PBR(株価純資産倍率)とは?PERとの違い、目安などわかりやすく解説
⽬次
- 1. PBR(株価純資産倍率)とは
- 1-1. PERとの違い
- 2. PBR(株価純資産倍率)の目安とは
- 3. 低PBR対策を東証が要請する背景
- 4. PBR(株価純資産倍率)の算出例
- 5. PBR(株価純資産倍率)を見る際のポイント
- 5-1. PBR単独での判断は避ける
- 5-2. 同業種比較をする
- 5-3. 時系列で変化を追う
- 5-4. 計算に用いられるのは帳簿上の数値である
- 6. 終わりに
- 6-1. 著者
東京証券取引所はプライム、スタンダード市場に上場する企業約3,300社に対し、2023年3月、資本コストや株価を意識した経営の実現を要請する通知文を出しました。
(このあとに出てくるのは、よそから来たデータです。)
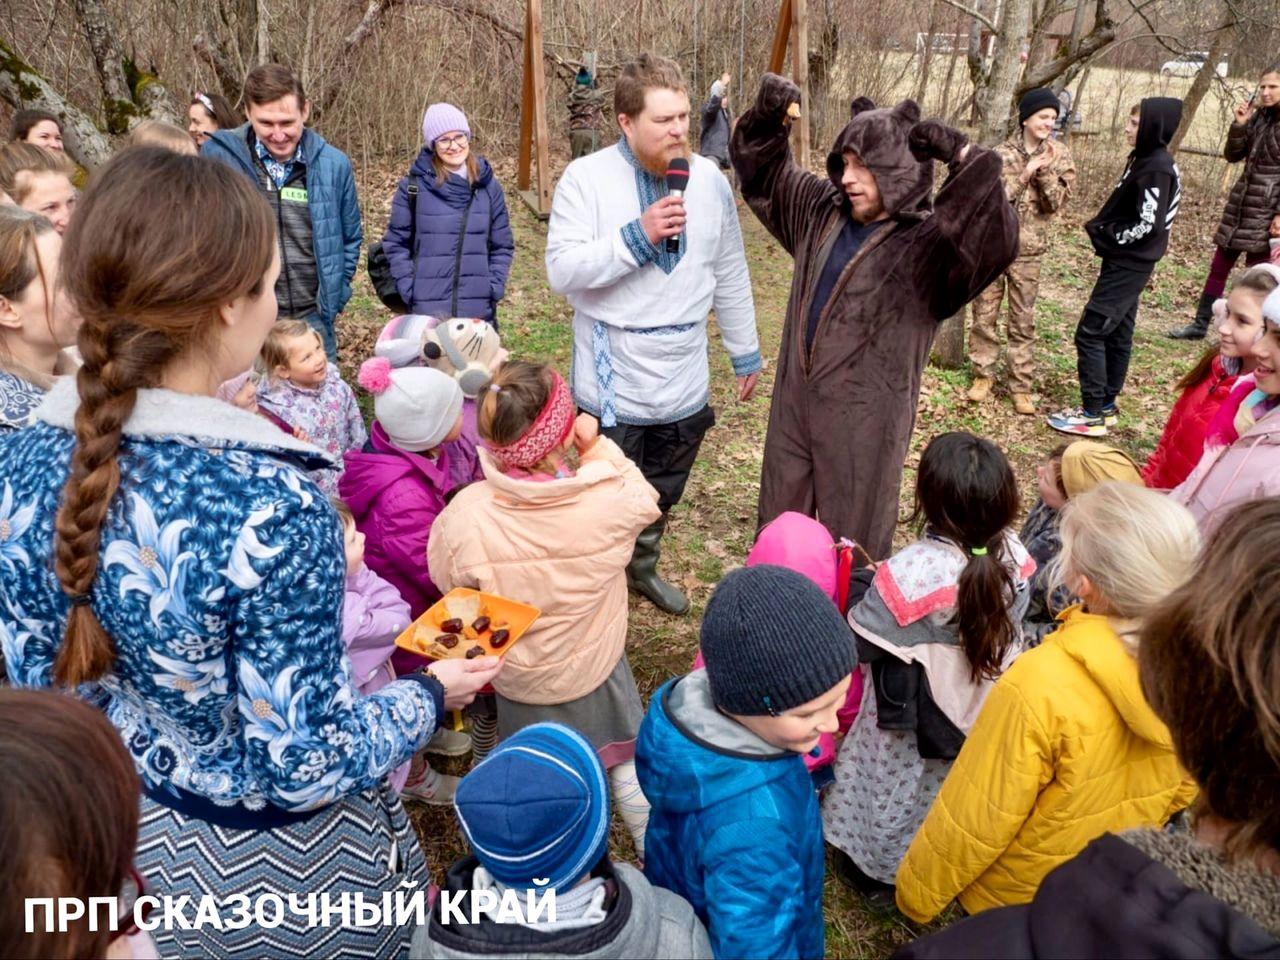 Встреча весны в поселении Сказочный край (3).jpg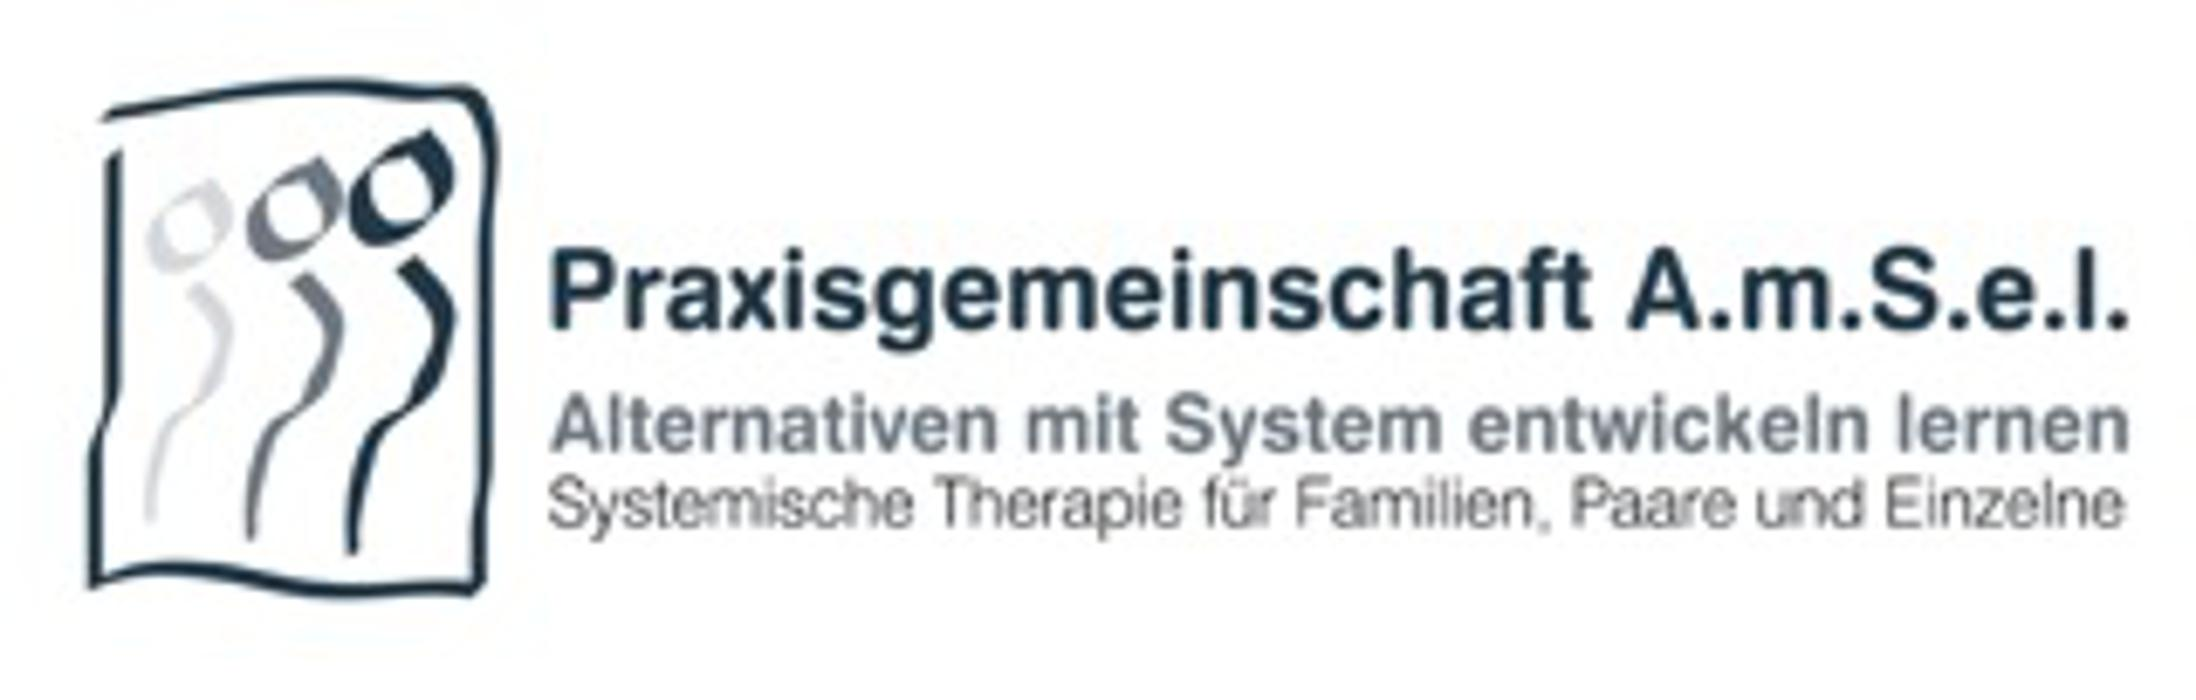 Bild zu Praxisgemeinschaft A.m.S.e.l. GbR in Berlin

その中で、特にPBRが長期にわたり1倍を下回る企業に対し改善策が強く要請されており、企業による対策の開示も進んでいます。本記事では、PBRの概要についてご紹介します。
PBR(株価純資産倍率)とは
PBR(Price Book-value Ratio:株価純資産倍率)は、企業の株価と純資産の比率を示す指標です。PBRは株価が割安か割高か、企業評価や投資判断の目安として用いられます。PBRは株価をBPS(1株当たり純資産)で割って求めます。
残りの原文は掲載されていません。